Subsequent productions have eschewed attempts at Renaissance picturesqueness, locating the play in twentieth-century sets and costumes, seeking modern resonances for the play’s
jejeune
qualities. For Robin Phillips’ 1970 production, the Royal Shakespeare Theatre was updated to a 1960s lido with beachwear, sunglasses, and onstage swimming pool. Daphne Dare’s set consisted of “a ramp and steps from mid-stage left and a small pool downstage right. The forest was created by the dropping of a single batten of ropes from the flies and a dappling of the light.”
33
The play opened with a recording of “Who is Sylvia? Who is Valentine? Who is Proteus? Who is Julia?” and closed with the Beatles’ “All You Need Is Love.” B. A. Young argued that the choice of setting was logical: “Courts being out of fashion in the 20th century, Mr Phillips has sent his young people to a Milanese university where their behaviour fits in very suitably.”
34
Gareth Lloyd Evans believed that “for all the many visual and thematic inconsistencies induced by such a treatment, it seemed to me to have been done in a spirit of affection rather than disdain of this immature play.”
35

3.
Peter Hall’s 1960 production with Lucetta (Mavis Edwards, behind) teasing Julia (Frances Cuka) about her letter, Act 1 Scene 2: “The stage was so littered with ivied ruins and bits of decaying gilded interiors that it looked like an opulent, tinted Piranesi … it contrived to make an immature play seem altogether decadent.”

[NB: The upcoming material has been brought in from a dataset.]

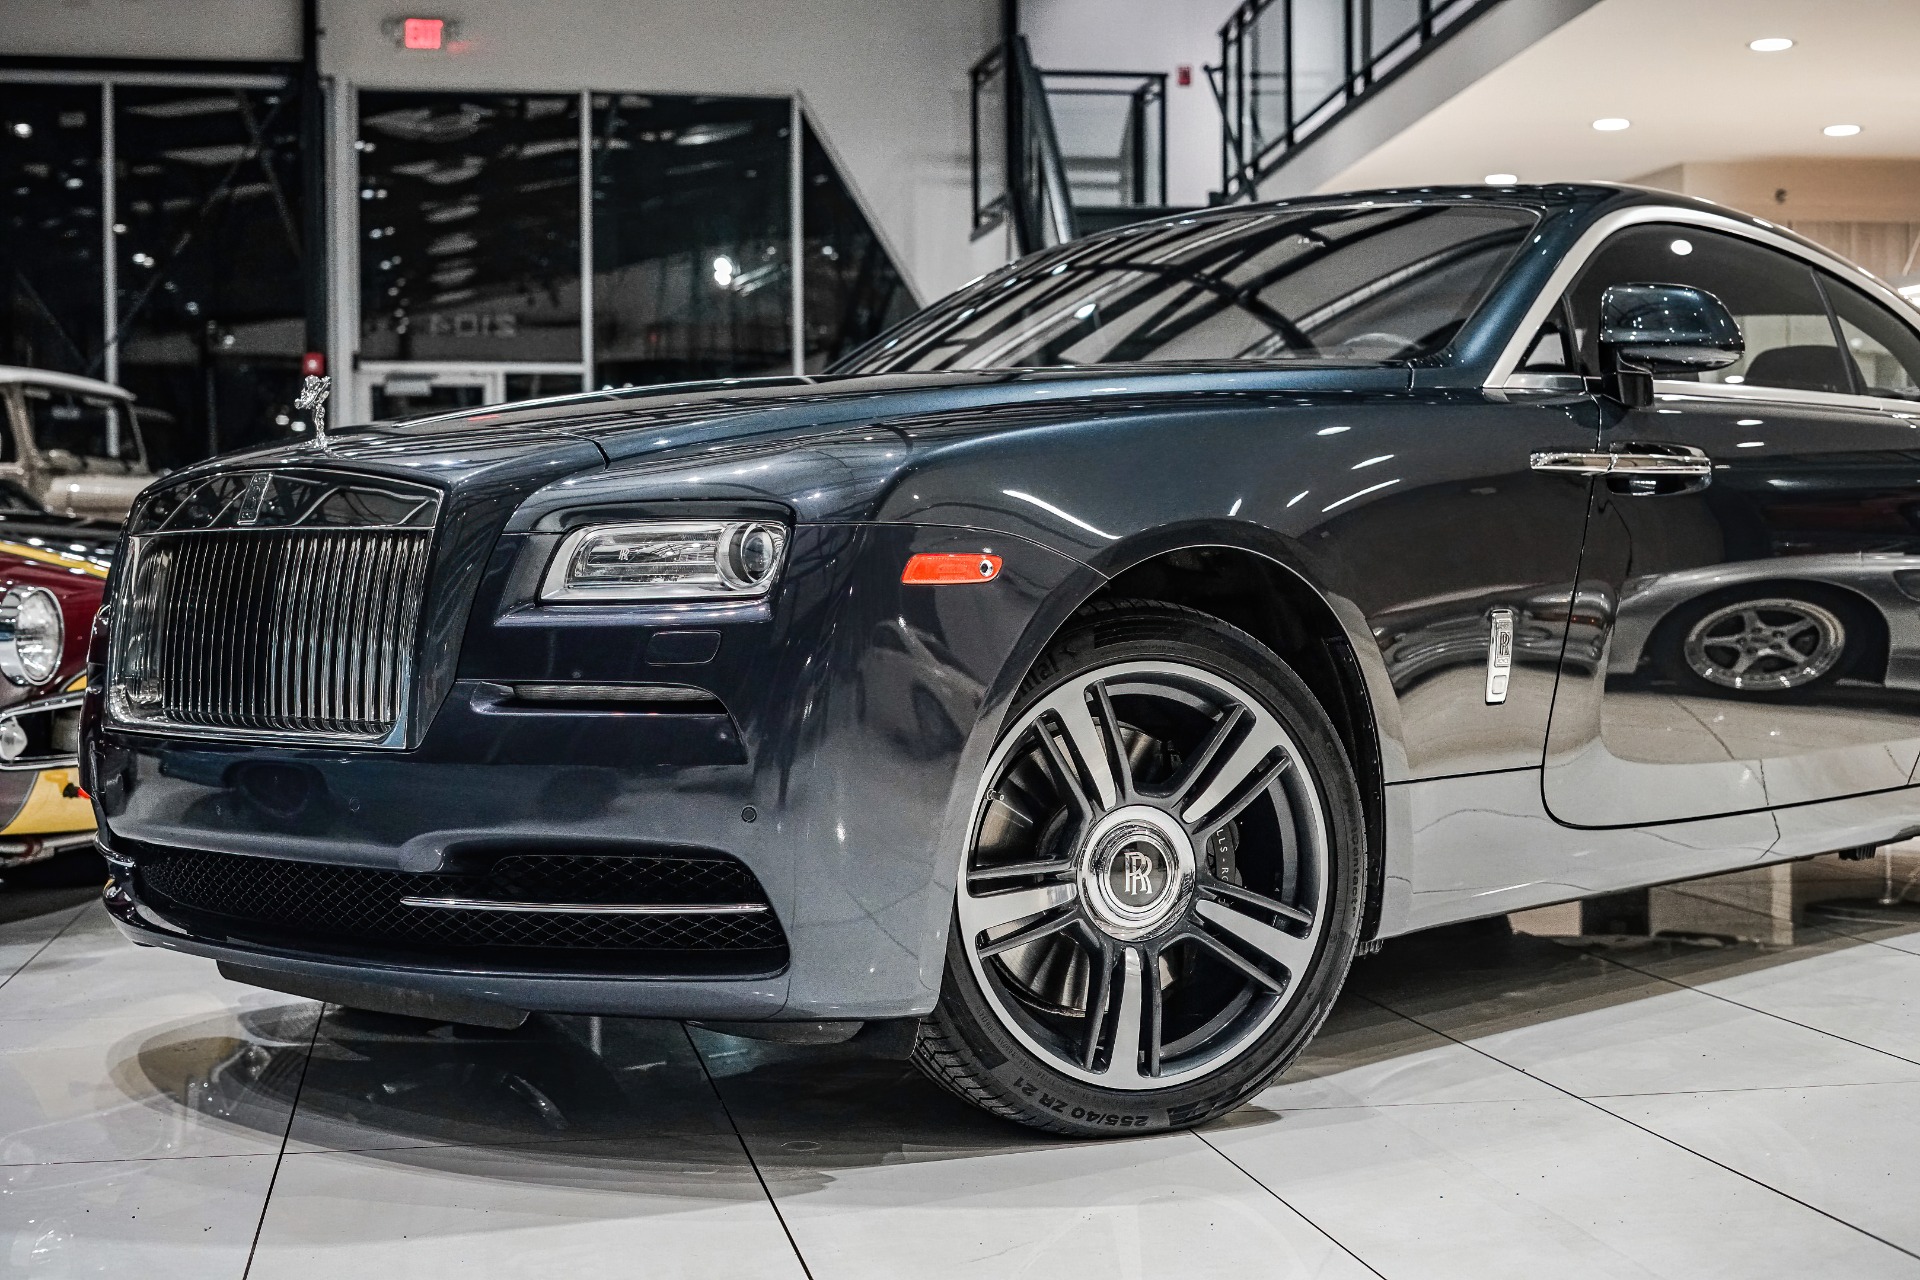 Used 2016 Rolls-Royce Wraith DRIVERS ASSISTANCE PKG! HEADS UP DISPLAY! ONLY  14K MILES! For Sale ($209

John Barton’s 1981 production paired Shakespeare’s earliest comedy with his earliest tragedy in a double bill with
Titus Andronicus
. It was a brave experiment that employed a conscious meta-theatricality in its cross-casting and onstage audience. Both plays were severely cut—850 lines from
Titus
and 515 from
Two Gentlemen
. It confused and divided critics. Roger Warren was the most perceptive in his understanding of how the two plays worked together:

Mr Barton’s interpretation of
The Two Gentlemen of Verona
must be considered in relation to his treatment of
Titus Andronicus
, which preceded it in a double-bill at Stratford.

The acting area was reduced to a very confined space at the front of the stage, surrounded by racks containing costumes, weapons, and props, and by the hobby-horses used by the Goths in
Titus
and by Silvia, Eglamour and Thurio in their flight to the forest in
Two Gentlemen
. Patrick Stewart (Titus) announced the play’s title and read the opening stage directions. The actors visibly assumed their characterizations before entries and switched them off again once they were out of the acting area; they watched scenes they were not in, and often provided sound effects, such as birdsong for the various forest scenes. Perhaps surprisingly, this artifice did not on the whole rob the events of conviction. Sometimes the actors’ presence distracted, as when the actress playing young Lucius had her hair dressed at a central prop table; but more often it led into scenes, as when Saturninus watched the Andronici shooting arrows into his court before storming on to complain “what
wrongs are these,” or made interesting connections between episodes, as when the watching Julia laughed in sympathetic recognition at Valentine’s confusion over the love-letter Silvia had asked him to write: it was as if, like Touchstone, she was thinking that “we that are true lovers run into strange capers.”